Our panel included a discussion on what is ahead for 2021 and how the challenges of COVID-19 will lead to lasting changes for hospitals and health systems, with Lloyd Dean (CEO, CommonSpirit), Melinda Estes, MD (President and CEO, St. Luke’s Health System) and Jaewon Ryu, MD (President and CEO, Geisinger). These top healthcare leaders discussed the short- and long-term impact of COVID-19 on hospitals and health systems and their strategic business priorities in 2021 and beyond with moderator Kerrin Slattery (Partner, McDermott Will & Emery).
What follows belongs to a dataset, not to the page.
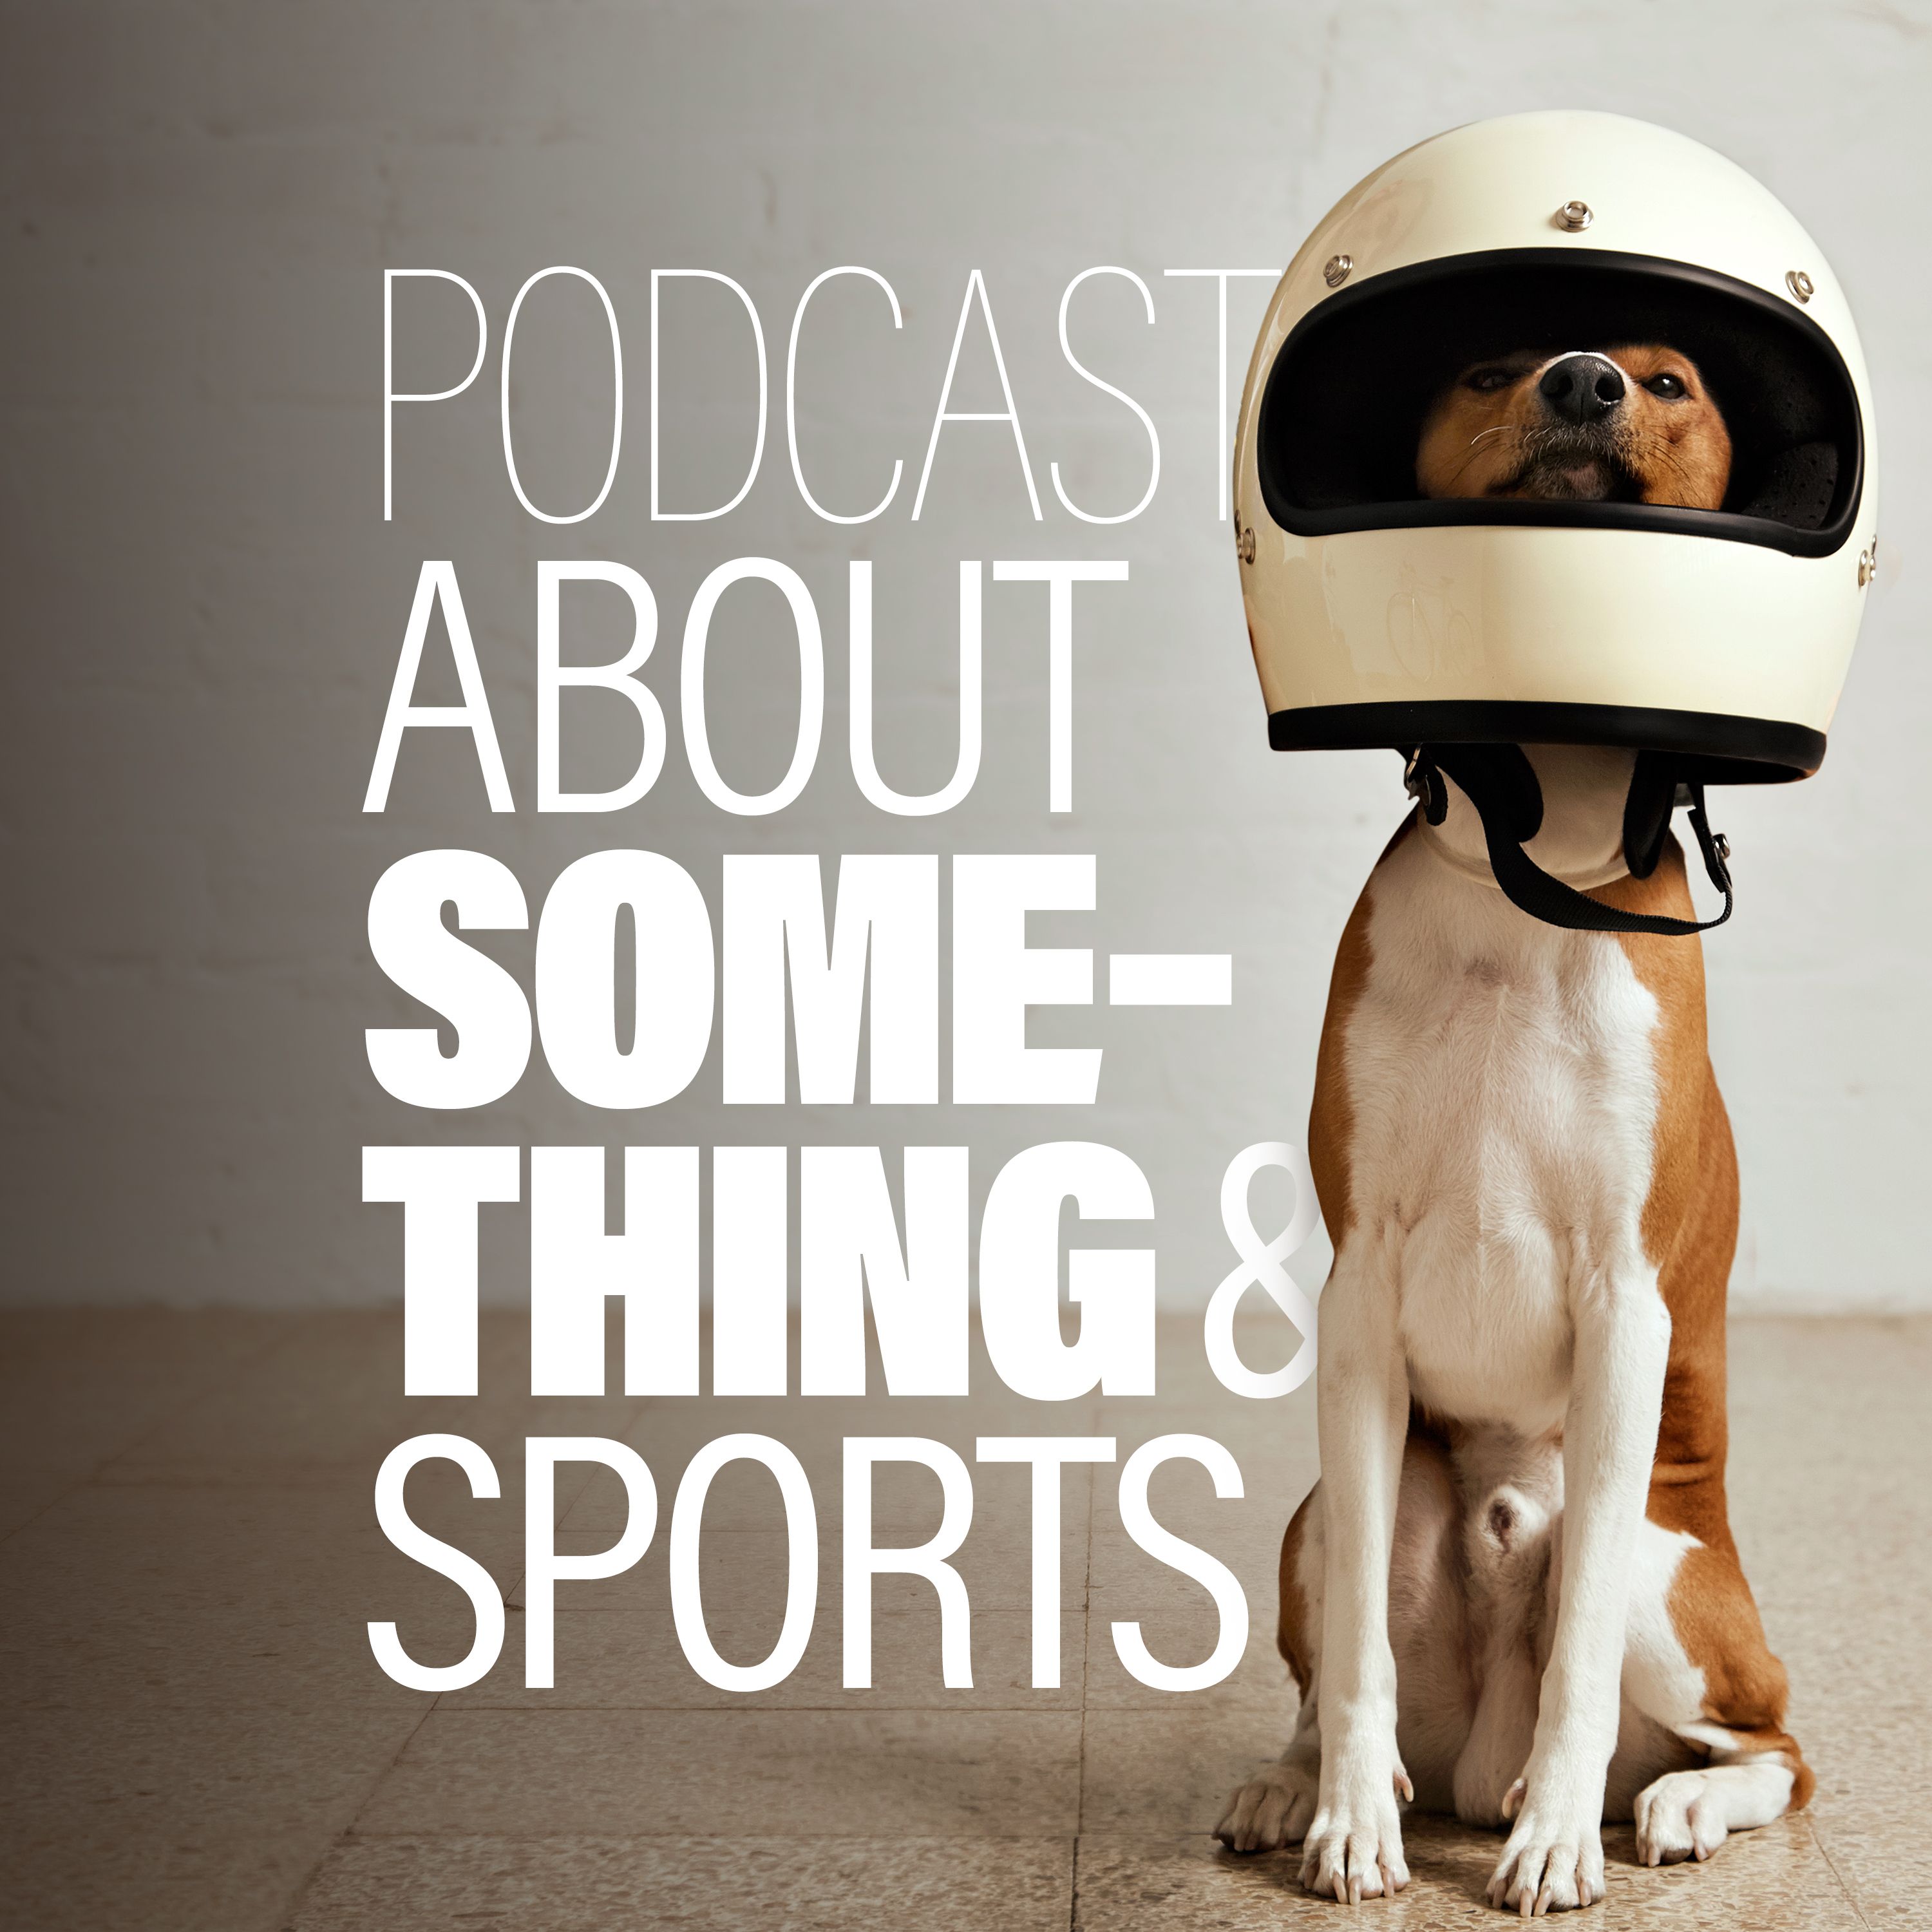 Podcast About Something and Sports

Below are the top takeaways for McDermott Will & Emery and EY during the 2021 J.P. Morgan Healthcare Conference: Hospital and Health System CEO Panel: Strategic Business Priorities, click here to access the full webinar.

Access the PDF here.

HOW 2020 PRIORITIES WILL SUSTAIN AND PROVE HELPFUL IN 2021 AND BEYOND
For hospitals and health systems, 2020 began and was primarily focused on issues like cost and payment models, Medicaid expansion and the wellbeing of clinical providers, including physicians, where statistics cite 40% are burned out. SinceCOVID-19, hospitals instantly pivoted to healing their communities and their staff, as well as rejuvenating the delivery system. “I was very pleased to chair a task force on COVID-19 pathways to recovery that produced a dynamic document [...]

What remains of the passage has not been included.